Mia is our grown-up narrator, looking back at her life with Lorrie Ann, her best friend since their childhood in California in the Nineties.

Lorrie Ann was beautiful, intelligent, and, most of all, good. “There was no girl more perfect than Lorrie Ann Swift, not so much because she was extraordinary, but because she was ordinary in a way that surpassed us,” observes Mia on the first page, an early indicator that Thorpe is extremely adroit at re-entering the mind of a teenager.
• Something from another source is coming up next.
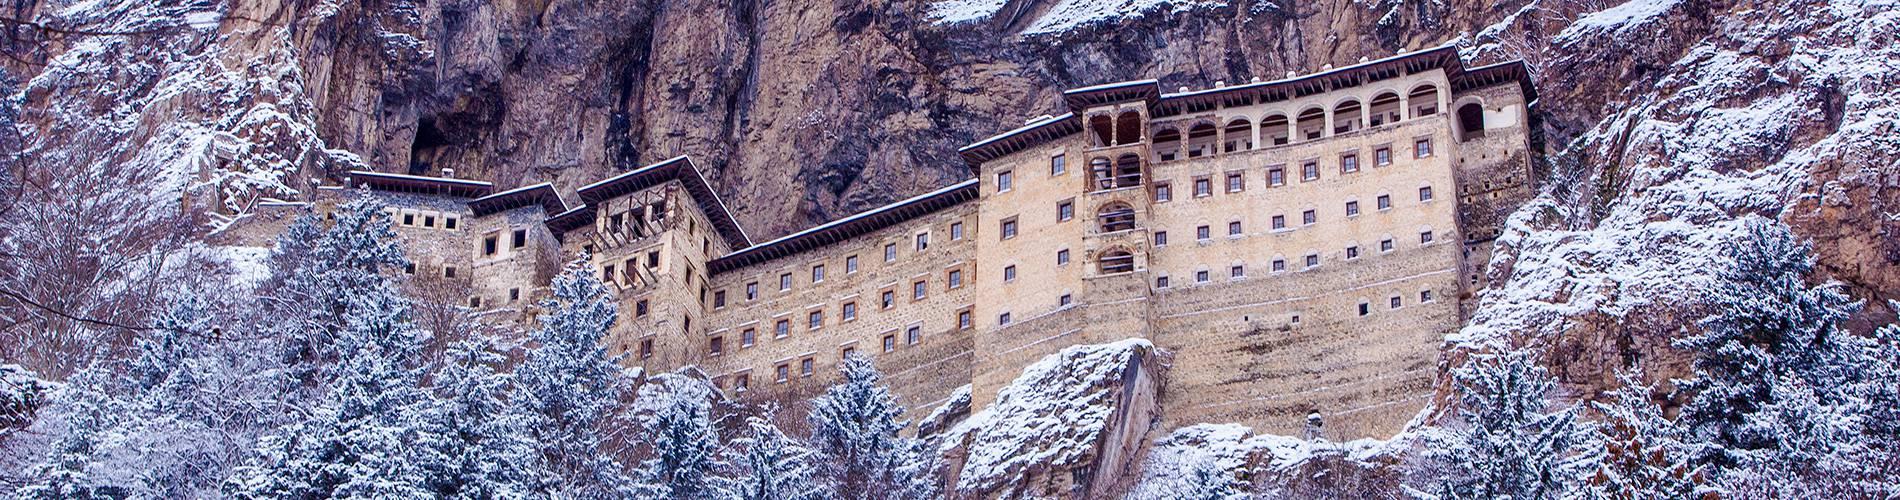 Sumela Monastery Турция, фото
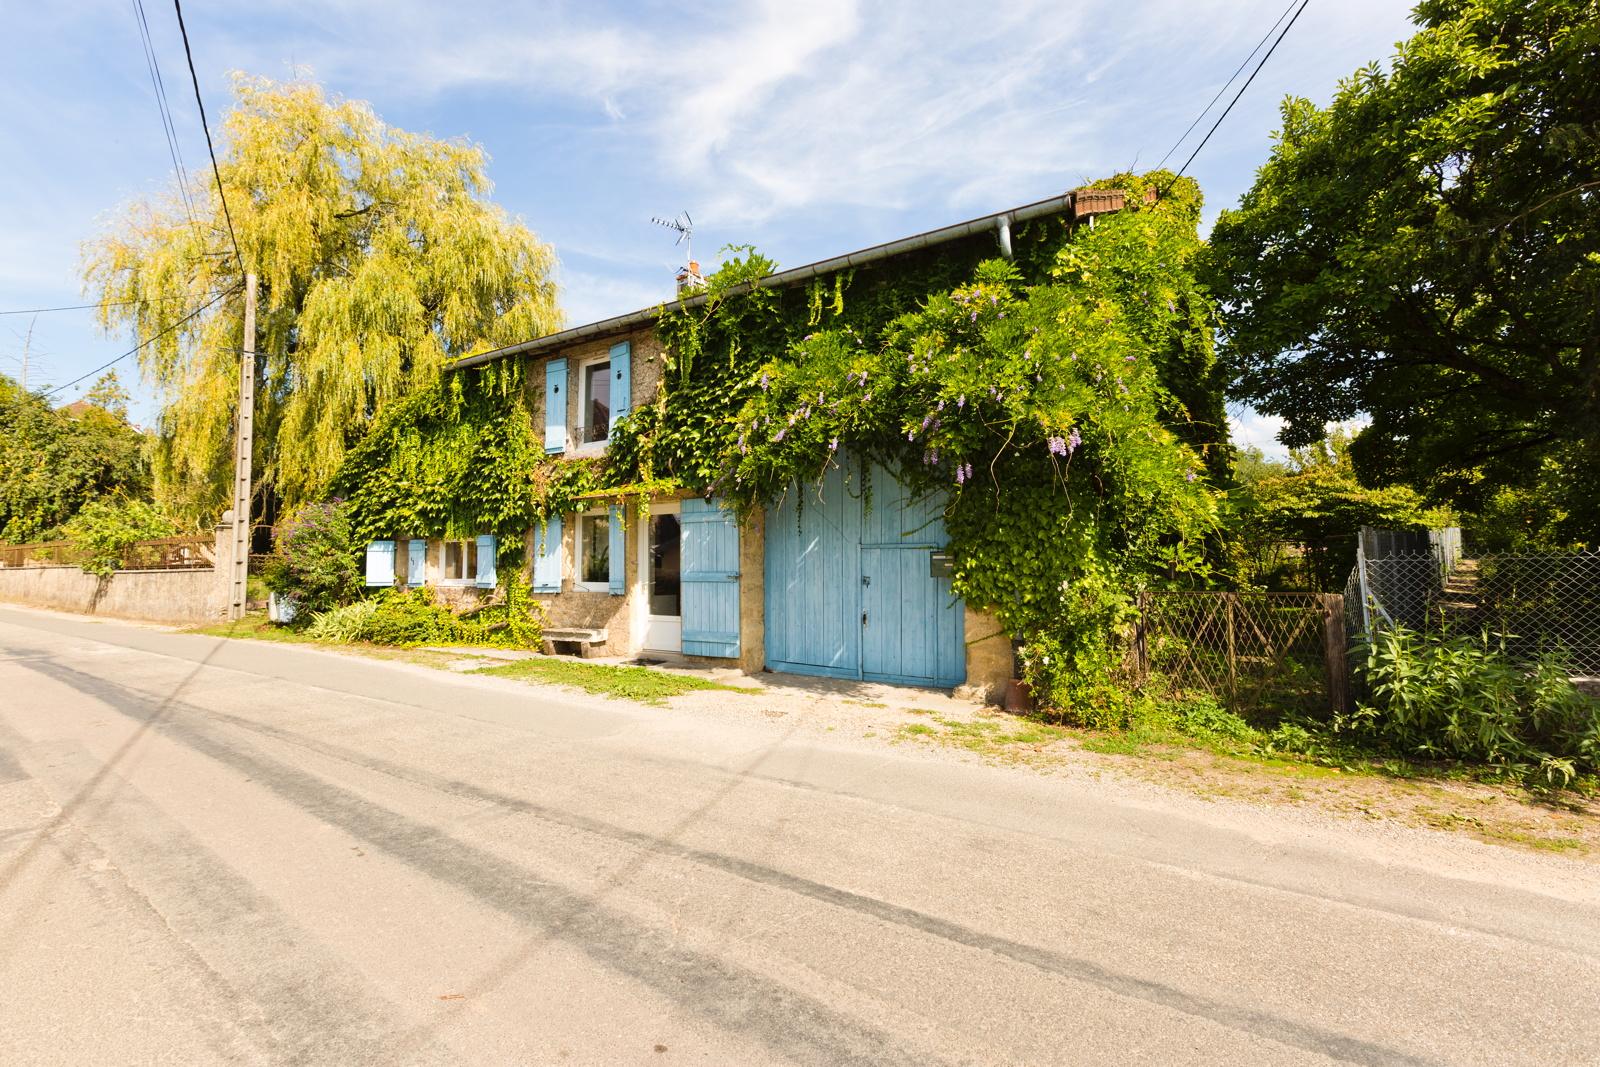 Vente maison Entre arbois et poligny

Mia, by contrast, was the bad girl: “Sexy … wily ... sarcastic.” Until a run of unbelievable ill luck sends Lorrie Ann on a downward spiral, that seems sure to end in self-destruction (it is a testament to Thorpe’s writing that although calamities – death, deformity, drugs – are recounted with operatic swiftness, the reader does actually find them believable).

The Girls ... is hard-going in its portrayal of the lot of women: motherhood is particularly fraught. Abortions haunt characters; birthing scenes are grimly visceral. Yet while motherhood may be a burden, it can also be a salvation, and while Thorpe convincingly expresses both sides, it’s pretty clear which one she comes down on.

Thorpe’s writing can be uniquely beautiful, with images that make you want to clasp the book to your chest: a lover makes Mia wish her stony heart was “made of something else: bunny rabbit essence, perhaps, or pixie dust and nougat”; Lorrie Ann sings “as though the notes were all wineglasses falling but never hitting the floor”.

The novel is a slippery description of a friendship: there’s jealousy, fault-lines of guilt and love. Lorrie Ann often seems to matter to Mia because of how Mia defines herself against her, her “opposite twin”.

But while this friendship may be high-octane, Thorpe also proves the importance of early, primary relationships between girls. She is ferociously committed to honestly recreating that multi-faceted, fierce, judgemental, messy love.